PEOPLE have been urged to look out for baby hedgehogs this autumn.

The dry and reasonably warm autumn has led to a lot of hedgehogs being born.

But they are now at great risk of dying from hypothermia or scurrying into bonfires for shelter.

A tiny baby hedgehog was found by Maureen Beaumont in the garden of her home at Lower Grange in Bradley.

She has nicknamed him Oggie and he now sleeps all day in a box inside the house.

Maureen - who lives with husband Alan and 21-year- old son, Adam - said: "I was washing up and saw this tiny hedgehog waddling from side to side.

"I went out to try to catch it, but it escaped under a large fence."

She rang the Hedgehog Rescue Centre in Flockton and was told the waddle meant the hedgehog was probably suffering from hypothermia.

Maureen was determined to catch it and finally did so in the early hours of the morning, helped by Adam.

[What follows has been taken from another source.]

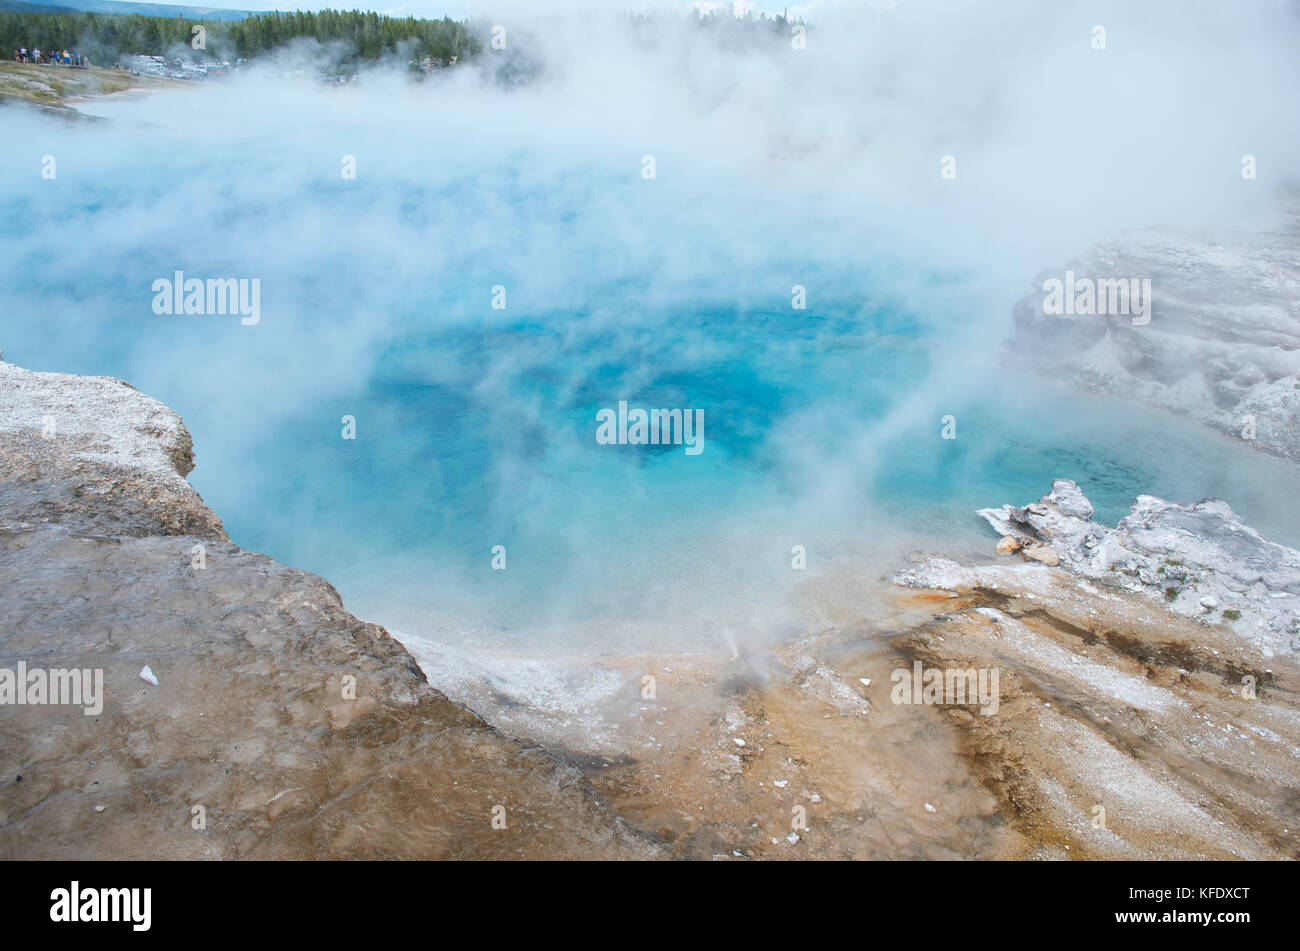 Caldara Hot Spring Pool in Yellowstone National Park, Wyoming, USA - Stock Image
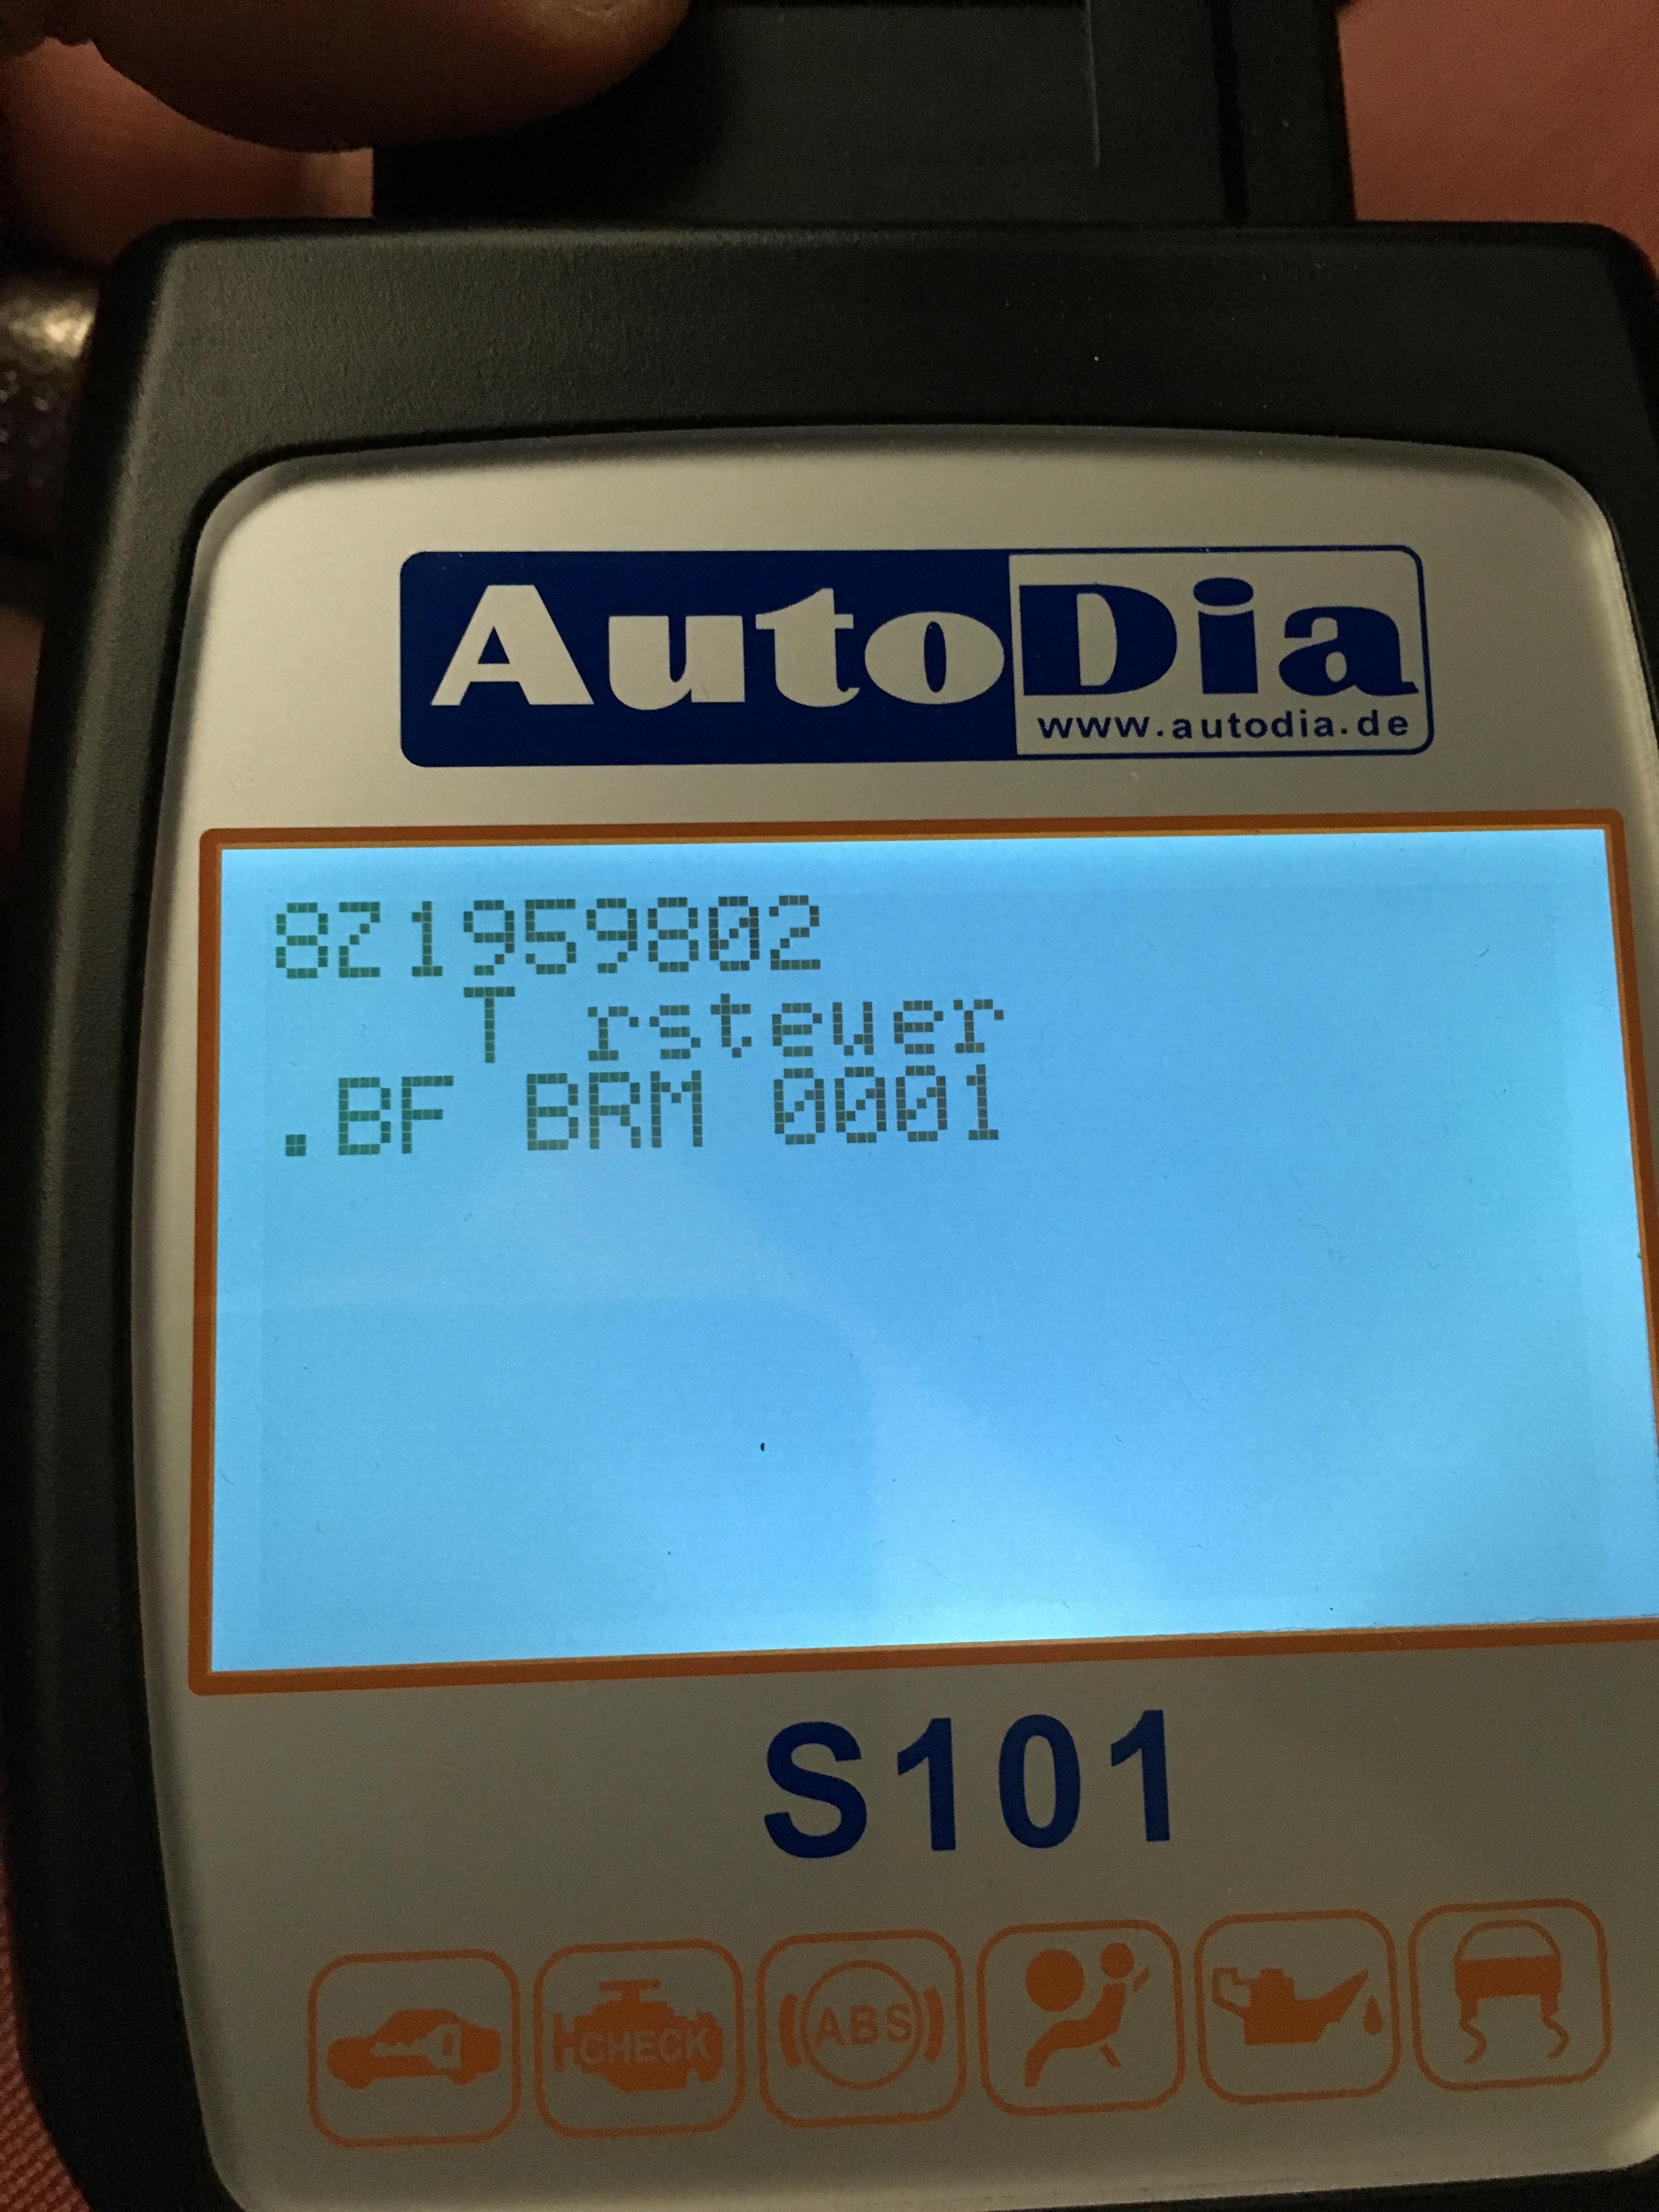 58934469b5f7e_Autodiag-1.jpg.633dde5cf81f0facfdcc04dbdc382b7a.jpg

Oggie only weighs six ounces and he will be let back into the wild when he tips the scales at a pound and a half.

Maureen is now building him up by feeding him chicken-based cat food every night.

"Oggie is awake all night but is too small to get out of the box," she said.

"I've never seen a baby hedgehog at this time of year before. It's so sad that many must be dying from the cold and I'd urge people to look out for them.

"There's also the danger they could be living in the rubbish now being built up into bonfires."

Debbie James, of Flockton Hedgehog Rescue, said baby hedgehogs leave their nests at eight weeks old and then try to fatten themselves up ready to hibernate in the winter.

If they don't double their body weight up to a pound and a half, they will go to sleep in the winter and never wake up.

She added: "I've got 37 hedgehogs I'm trying to fatten up. Some will be with me through to the spring now."

She said the warm early autumn meant hedgehogs had carried on breeding later than normal.

She appealed to people to carefully check bonfires before setting them alight.